SUPPLIED DATA below:

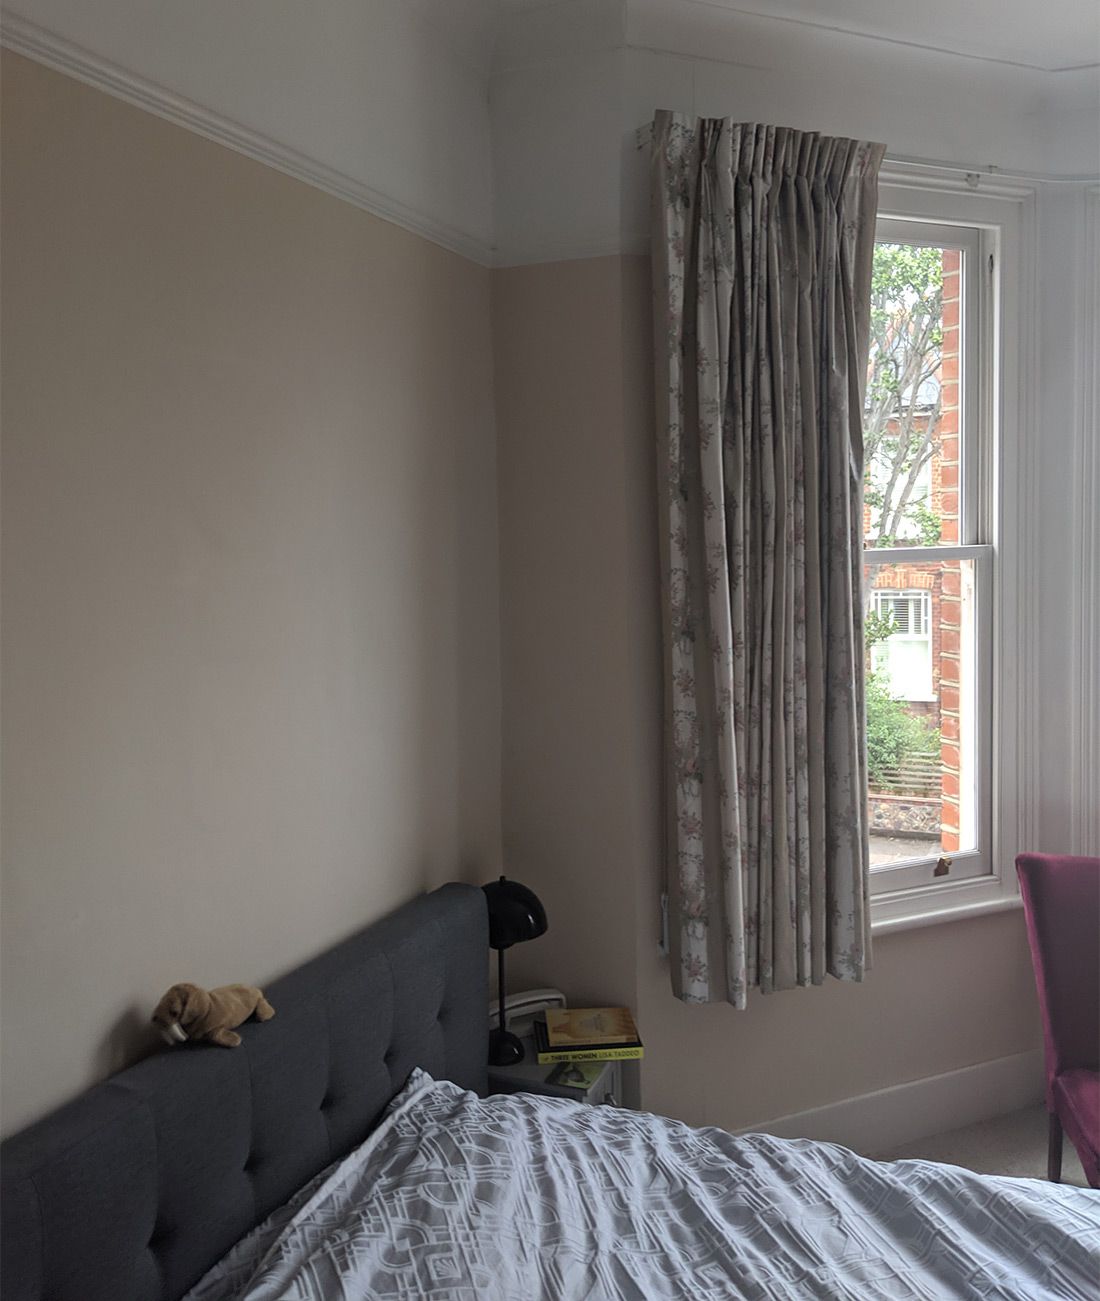 A view of the room showing the beige walls and too short curtains.
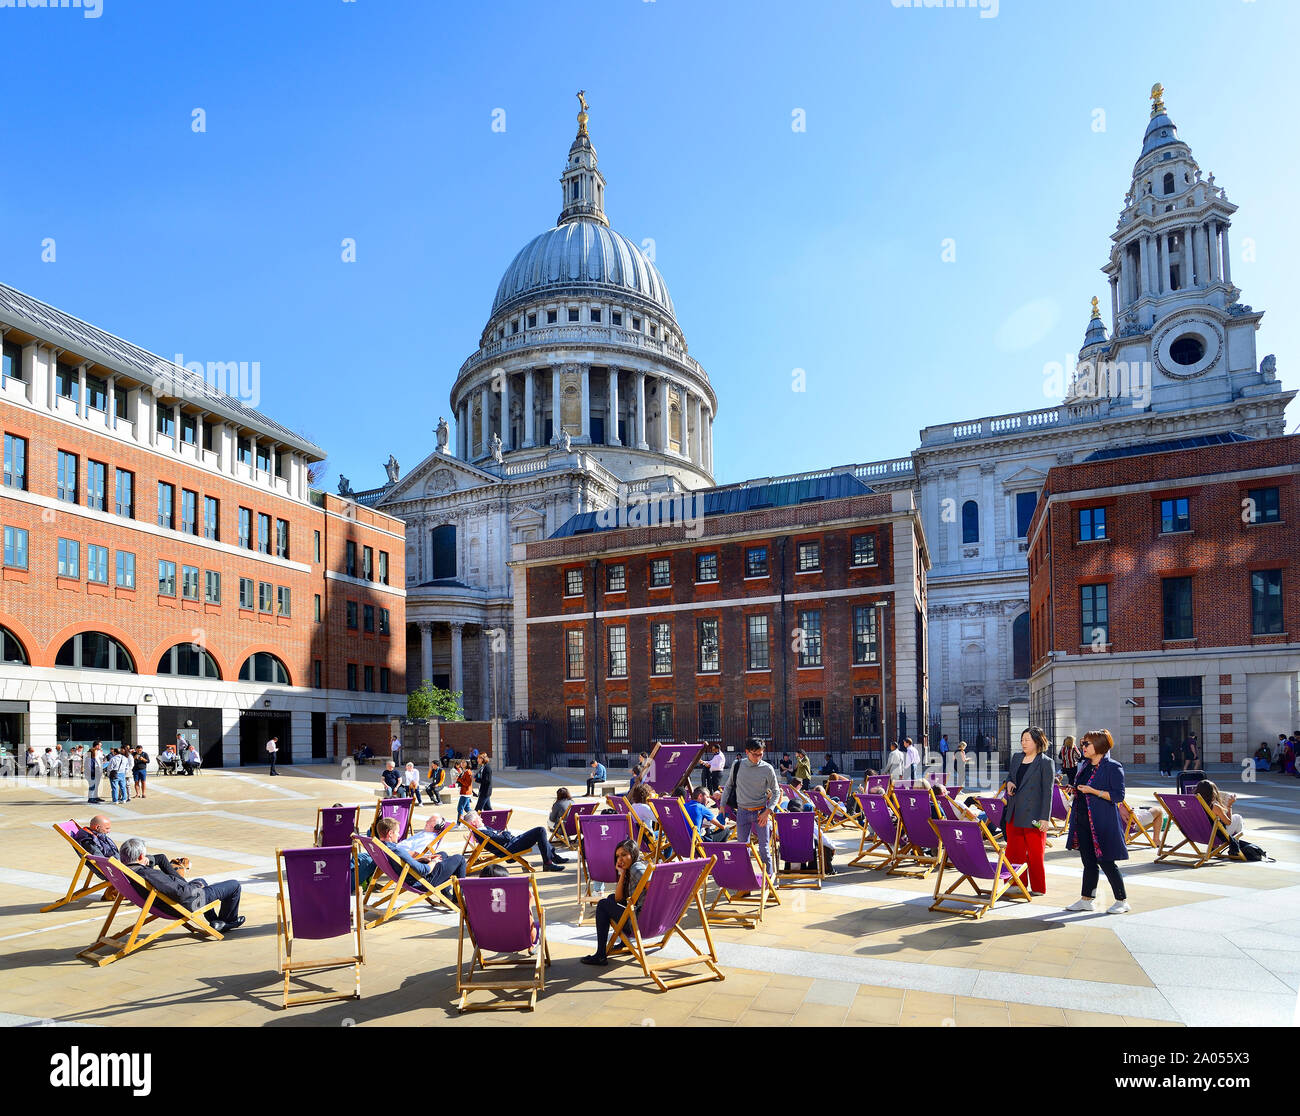 London, England UK. Paternoster Square, behind St Paul's Cathedral. People sitting in deck chairs during their lunch hour Stock Photo
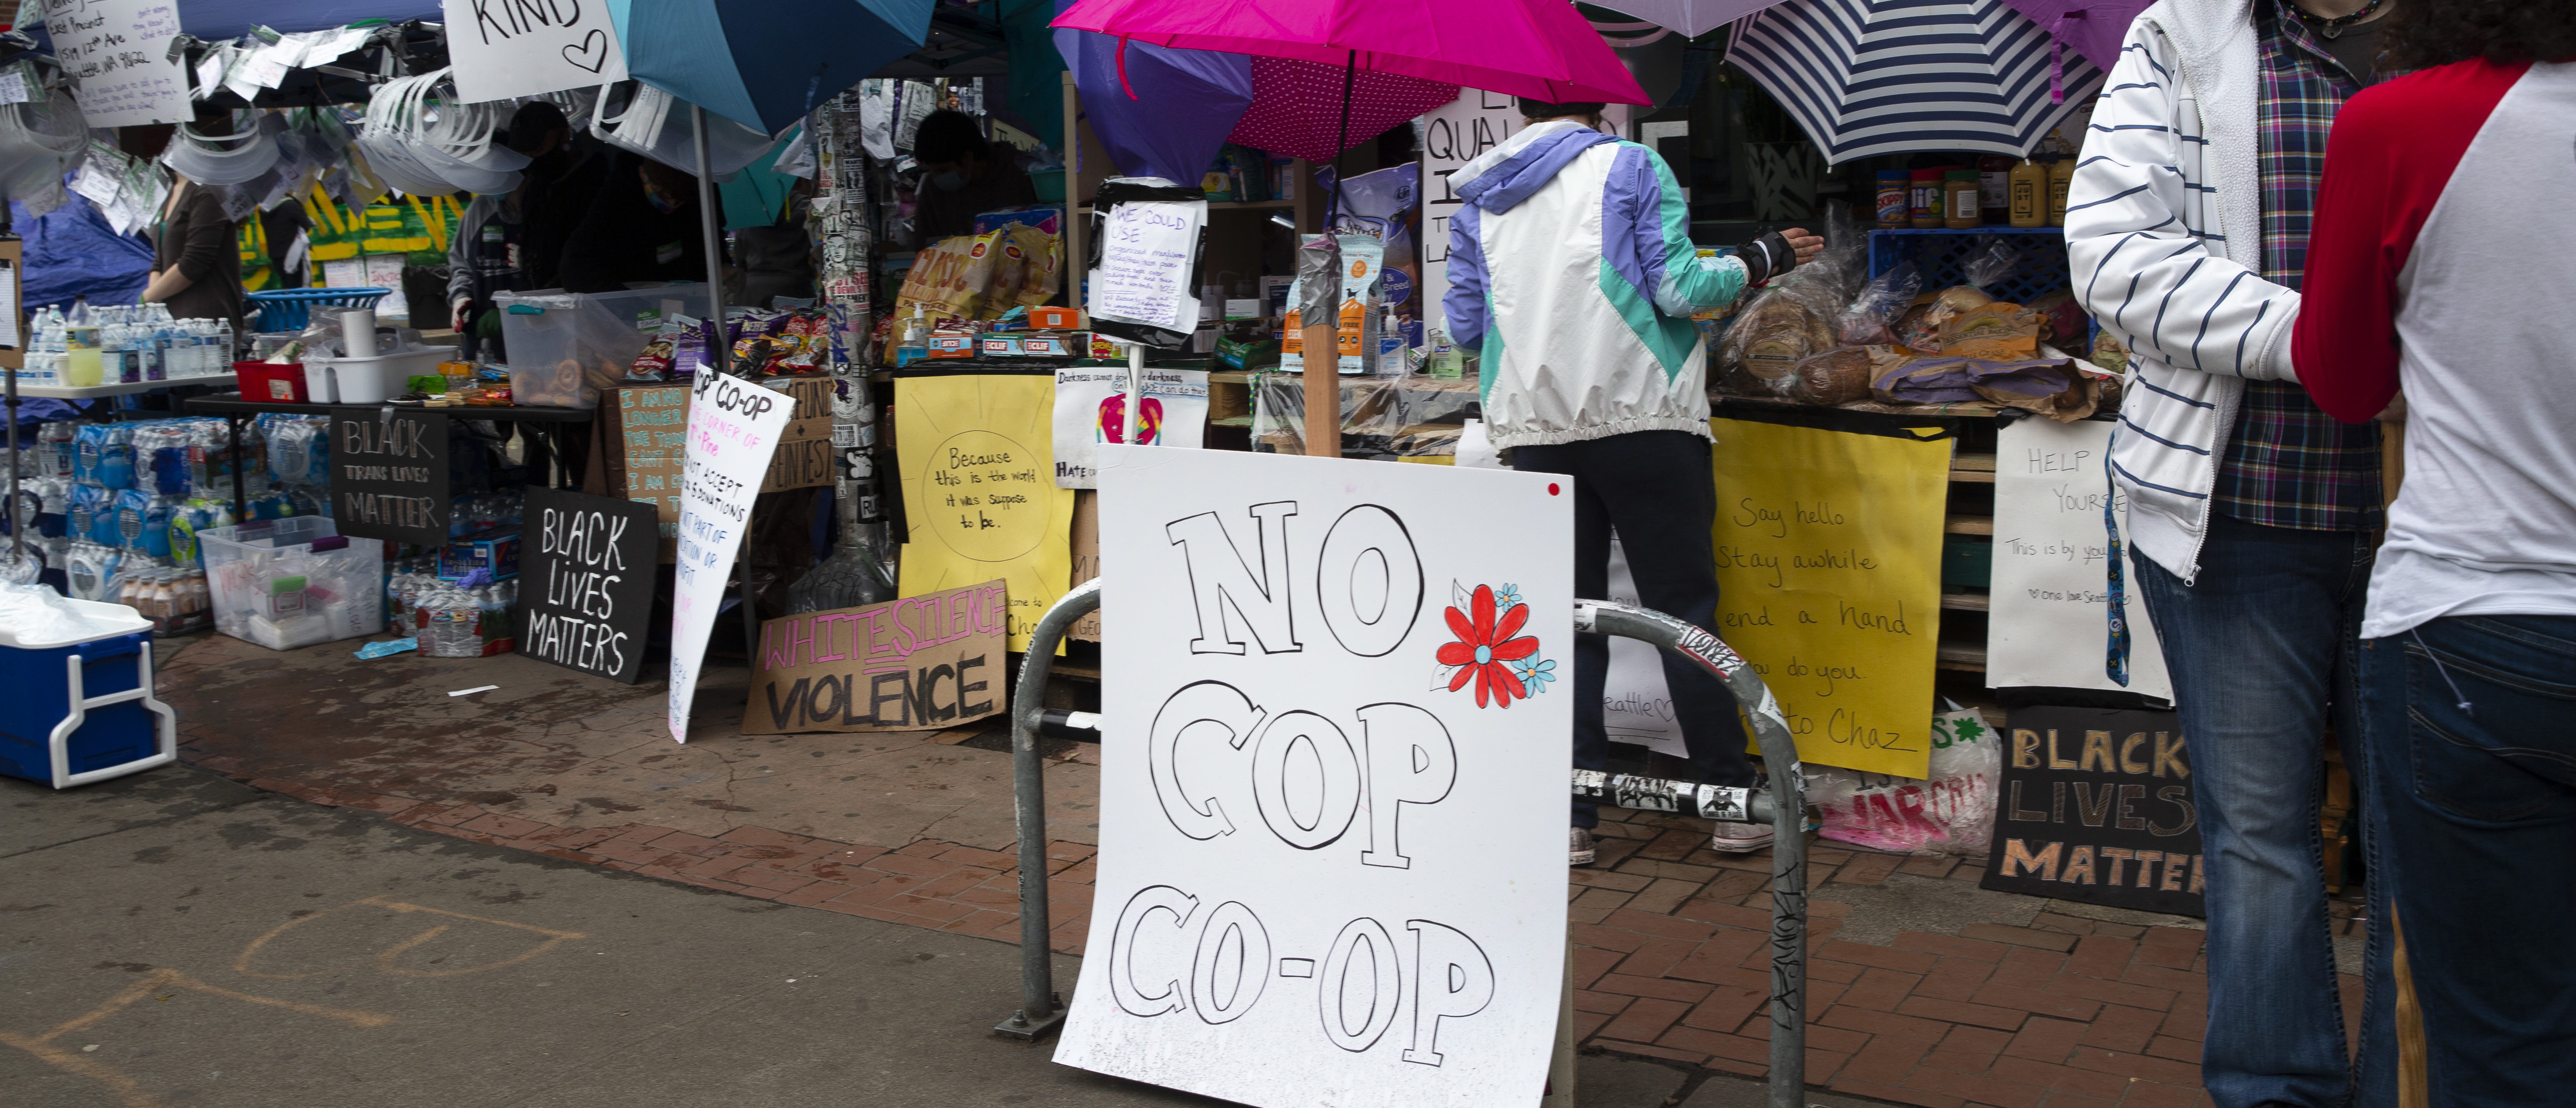 Many stands offering free items have been set up including the No Cop Co-op in an area dubbed the Capitol Hill Autonomous Zone (CHAZ) on June 12, 2020 in Seattle, Washington. (Karen Ducey/Getty Images)

End of SUPPLIED DATA.

TASK DETAILS: Reproduce the lines above exactly, image-free.

RESPONSE:
 A view of the room showing the beige walls and too short curtains.
 London, England UK. Paternoster Square, behind St Paul's Cathedral. People sitting in deck chairs during their lunch hour Stock Photo
 Many stands offering free items have been set up including the No Cop Co-op in an area dubbed the Capitol Hill Autonomous Zone (CHAZ) on June 12, 2020 in Seattle, Washington. (Karen Ducey/Getty Images)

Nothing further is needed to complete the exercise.